Every post request updates a web socket, for example, go to http://127.0.0.1:5000/ as python test.py is running
Metrics API is built with the python frameworks Tornado Momoko and Postgresql. Benchmarks are created using ApacheBench. The sample.json file is in the tests/ directory.
POST:
ab -n 1000 -c 10 -p sample.json -T application/json http://127.0.0.1:5000/v1/metrics
Server Software: TornadoServer/4.3
Server Hostname: 127.0.0.1
Server Port: 5000
Document Path: /v1/metrics
Document Length: 19 bytes
Concurrency Level: 10
Time taken for tests: 3.145 seconds
Complete requests: 1000
Failed requests: 0
Total transferred: 162000 bytes
Total body sent: 203000
HTML transferred: 19000 bytes
Requests per second: 317.93 [#/sec] (mean)
Time per request: 31.454 [ms] (mean)
Time per request: 3.145 [ms] (mean, across all concurrent requests)
Transfer rate: 50.30 [Kbytes/sec] received
63.03 kb/s sent
113.32 kb/s total
Connection Times (ms)
min mean[+/-sd] median max
Connect: 0 0 0.2 0 5
Processing: 16 31 6.9 30 62
Waiting: 16 31 6.9 30 62
Total: 16 31 6.9 30 62
Percentage of the requests served within a certain time (ms)
50% 30
66% 33
75% 35
80% 36
90% 40
95% 44
98% 49
99% 54
100% 62 (longest request)
GET:
ab -n 1000 -c 10 http://127.0.0.1:5000/v1/metrics
Server Software: TornadoServer/4.3
Server Hostname: 127.0.0.1
Server Port: 5000
Document Path: /v1/metrics
Document Length: 66900 bytes
Concurrency Level: 10
Time taken for tests: 20.545 seconds
Complete requests: 1000
Failed requests: 0
Total transferred: 67096000 bytes
HTML transferred: 66900000 bytes
Requests per second: 48.67 [#/sec] (mean)
Time per request: 205.453 [ms] (mean)
Time per request: 20.545 [ms] (mean, across all concurrent requests)
Transfer rate: 3189.21 [Kbytes/sec] received
Connection Times (ms)
min mean[+/-sd] median max
Connect: 0 0 0.0 0 0
Processing: 82 205 63.6 192 842
Waiting: 82 204 63.6 192 841
Total: 82 205 63.6 192 842
Percentage of the requests served within a certain time (ms)
50% 192
66% 204
75% 215
80% 229
90% 265
95% 284
98% 309
99% 550
100% 842 (longest request)
- Postgresql allows for both a json field and standard sql columns.

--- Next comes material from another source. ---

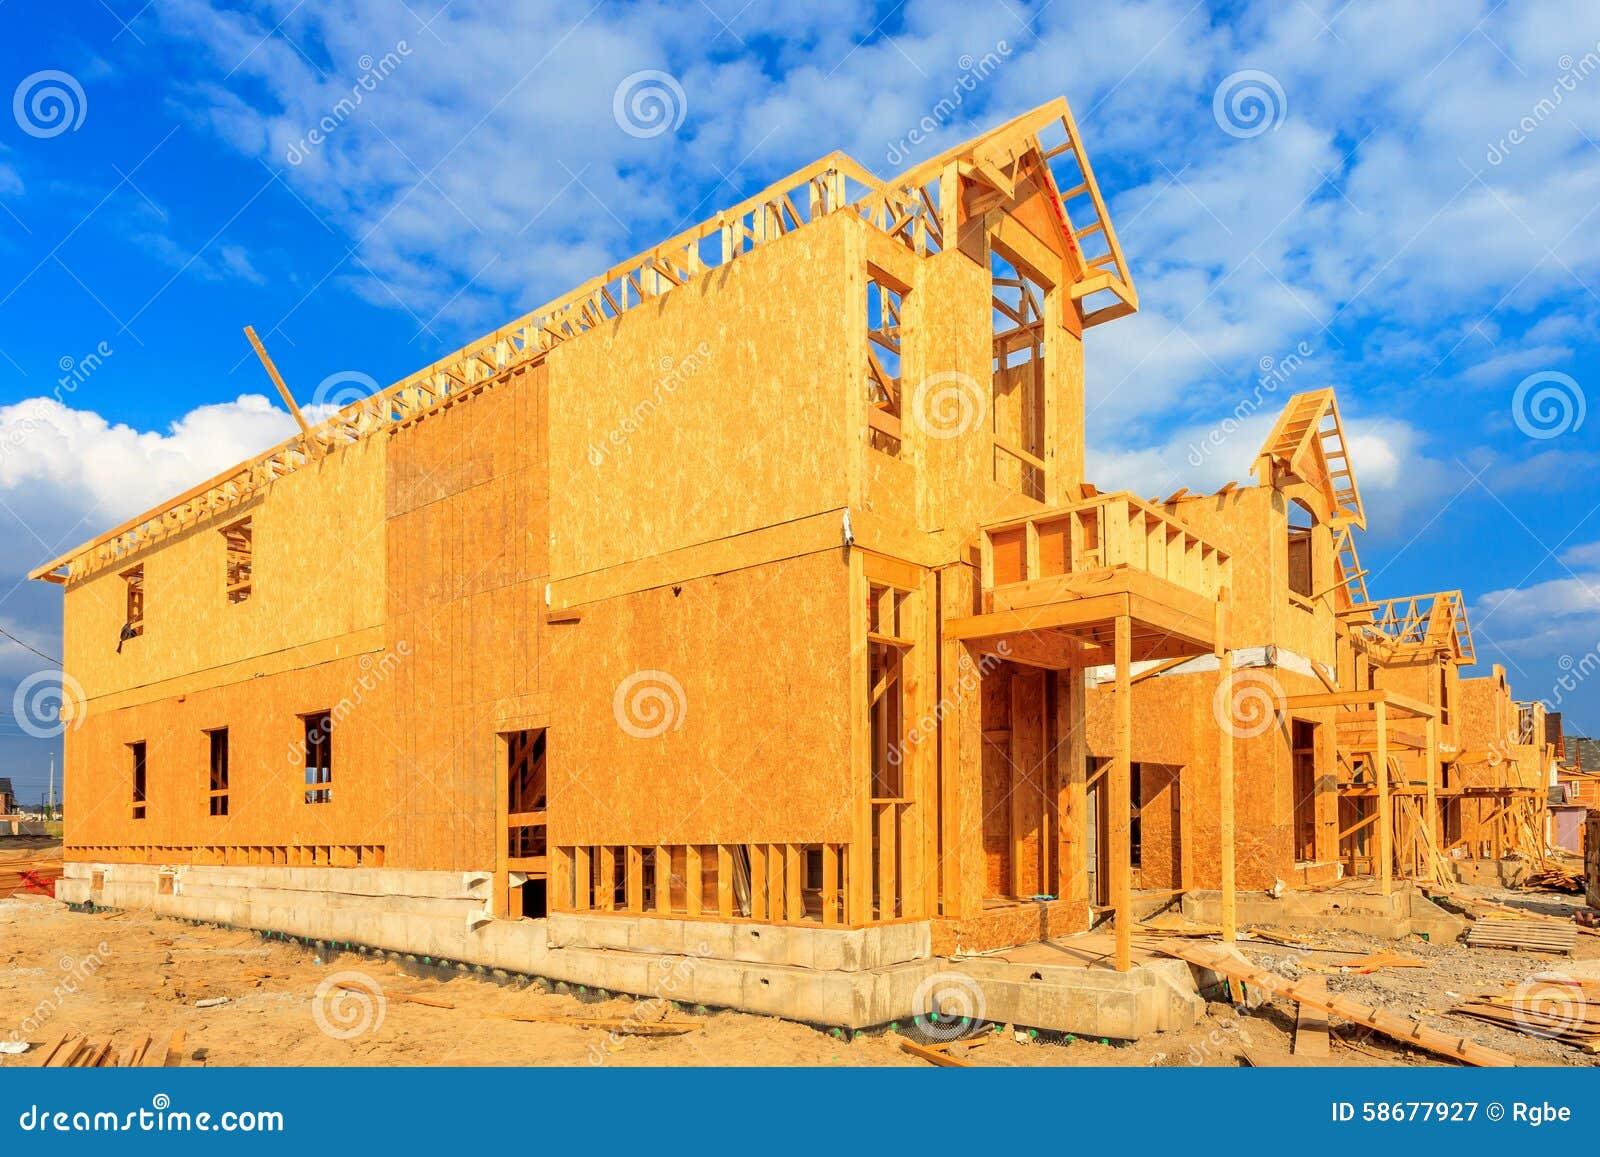 House Construction Stock Photo Image 58677927

The standard columns help greatly with the timestamp range querying. In fact, all the combinations of GET requests are handled with only one query. Additionally, the json field allows flexibility for clients to create new keys. For example, a 'host' key might be helpful to identify which server the metrics are coming from. The clients can start adding the 'host' key to the json right away and at some later point in time the metrics table could be updated and backfilled with a 'host' column if desired to do so. I added indexing to the name and ts columns to help with GET requests. The indexes slowed the POST requests by about 100 requests per second.
-
I attempted to use asynchronous programming to optimize for database inserts. Since most of the API is blocked by I/O, the async paradigm seemed fitting; however, async is still emerging in python and thus there is a bit of a learning curve. In the ApacheBench tests results improved as concurrency increased (from 1 to 10 concurrent requests) therefore the async functionality seems to work as expected.
-
An ORM is used to initially set up the database but is not used in the web server because the ORM does not support async queries.
-
Web sockets for fun because I wanted to try the plotting library http://smoothiecharts.org. The index.html has a basic plot and dumps the results to screen as text. The current implementation of the web sockets has some issues. Not inteneded for tons of concurrent users.
- The test suite is very basic and it is also the script to initilize the database
- Write logs to files
- Error handling could be improved by passing around a standardized error response across HTTP verbs.